8. The semiconductor device according to claim 1, wherein the semiconductor substrate comprises an n-type impurity region, a device isolating layer, and a p-type well.

9. The semiconductor device according to claim 8, wherein the device isolating layer defines an active region.

10. The semiconductor device according to claim 1, further comprising a spacer on opposite sides of the gate electrode.

11. The semiconductor device according to claim 10, further comprising lightly doped drain regions in the substrate under the spacer.

12. The semiconductor device according to claim 1, further comprising a silicide layer on the gate electrode and/or the source/drain regions.
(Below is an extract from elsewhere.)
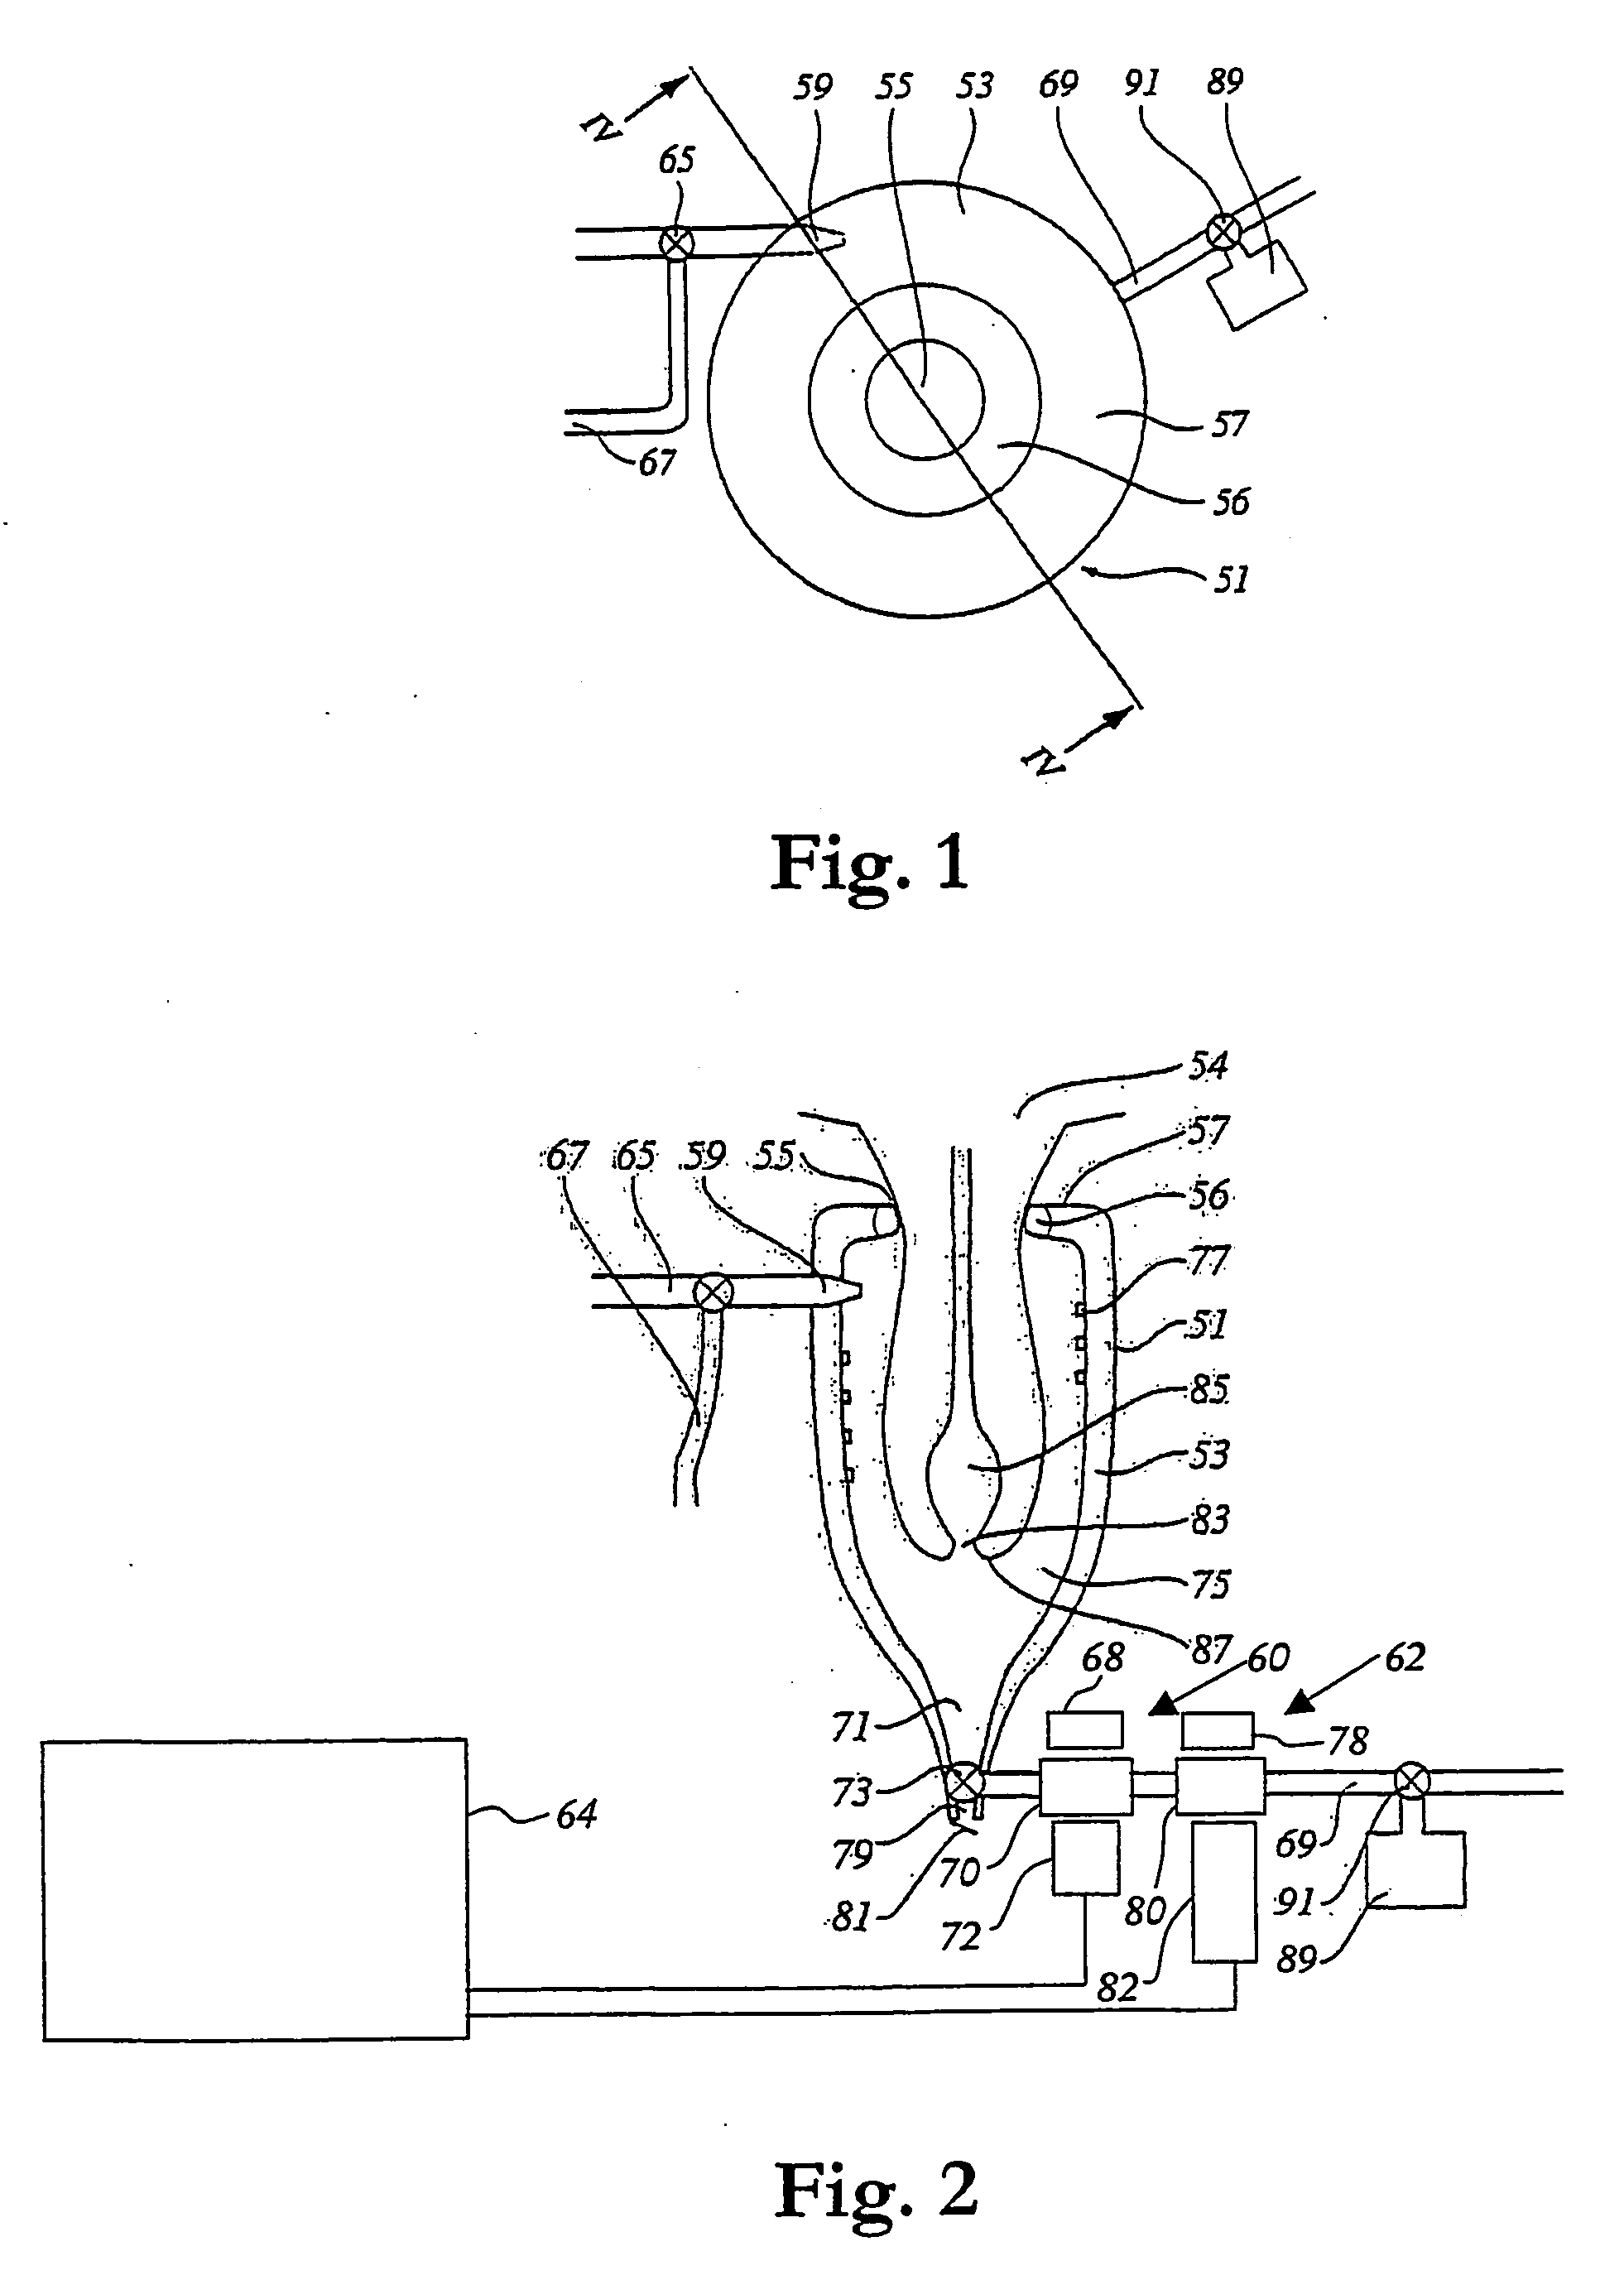 Apparatus and method for cleaning and pre-milking a teat of a milking animal
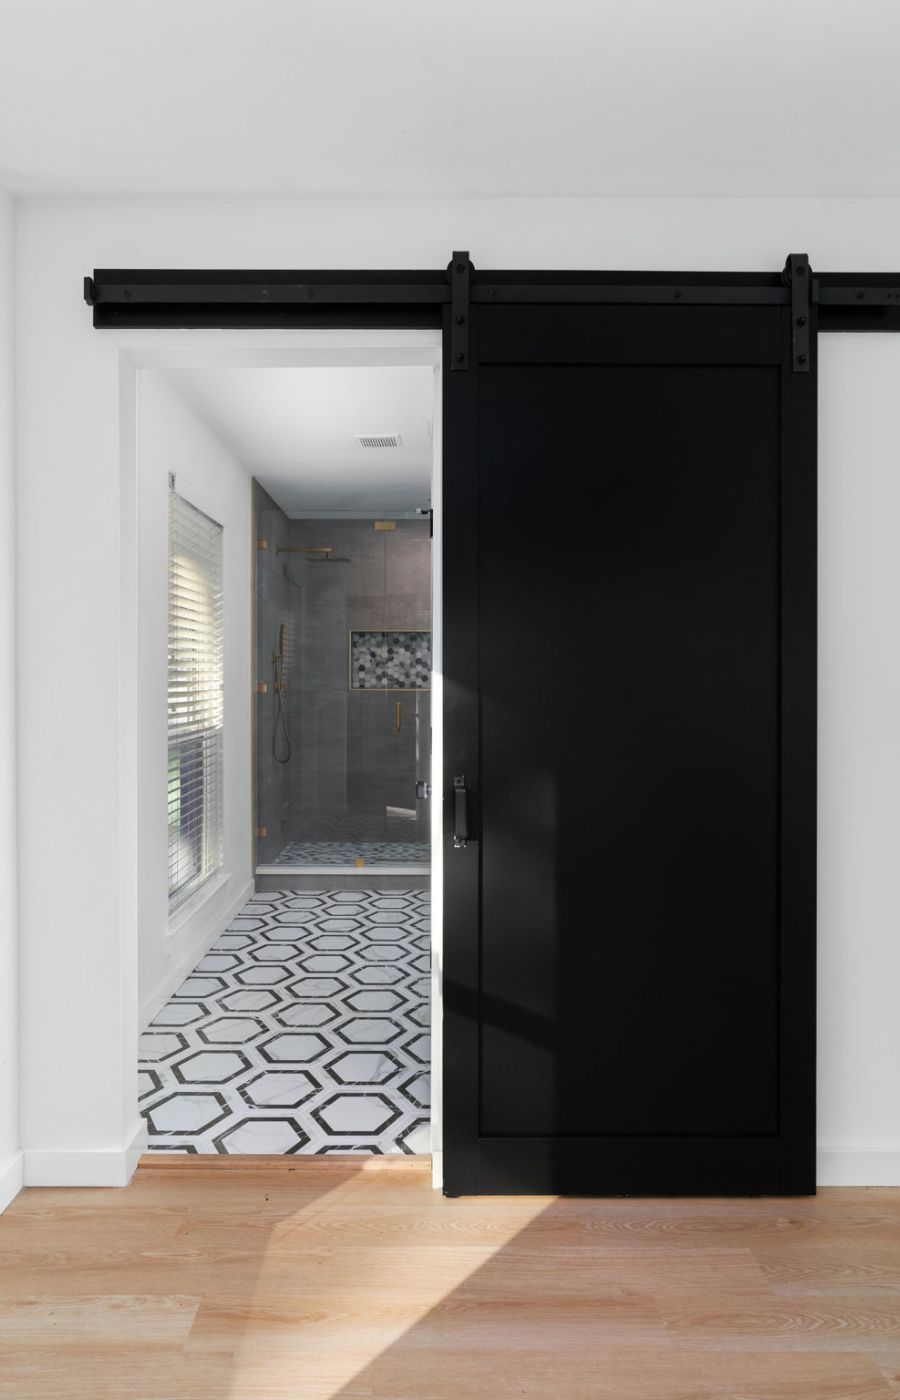 A striking black barn door in the bathroom, adds a bold and rustic touch to the space. The door stands out against the neutral tones of the bathroom, creating a visually appealing contrast. Its design brings a sense of farmhouse charm and character to the modern setting, enhancing the overall aesthetic with a touch of industrial style. The black barn door serves as a unique and eye-catching feature, offering both functionality and visual interest in the primary room.

13. A method of fabricating a semiconductor device comprising the steps of:

forming a groove on a semiconductor substrate;

forming a gate electrode on the semiconductor substrate, the gate electrode comprising a body part on the semiconductor substrate and a projecting part projecting downwardly from the body into the groove; and

forming source/drain regions in the semiconductor substrate at opposite sides of the gate electrode.

14. The method of fabricating a semiconductor device according to claim 13, wherein forming the groove comprises:

selectively forming at least one insulating layer on the semiconductor substrate by a thermal oxidation process; and

removing the insulating layer(s).

15. The method of fabricating a semiconductor device according to claim 13, wherein the inner side of the groove has a curved surface.

16. The method of fabricating a semiconductor device according to claim 13, wherein the projecting part of the gate electrode fills the groove.

17. The method of fabricating a semiconductor device according to claim 13, further comprising forming a gate insulating layer on the semiconductor substrate and inside the groove.

18. The method of fabricating a semiconductor device according to claim 13, further comprising forming an n-type impurity region, a device isolating layer, and a p-type well in the semiconductor substrate.

19. The method of fabricating a semiconductor device according to claim 13, further comprising forming a spacer on opposite sides of the gate electrode.

20. The method of fabricating a semiconductor device according to claim 19, further comprising forming lightly doped drain regions in the substrate adjacent to the gate electrode.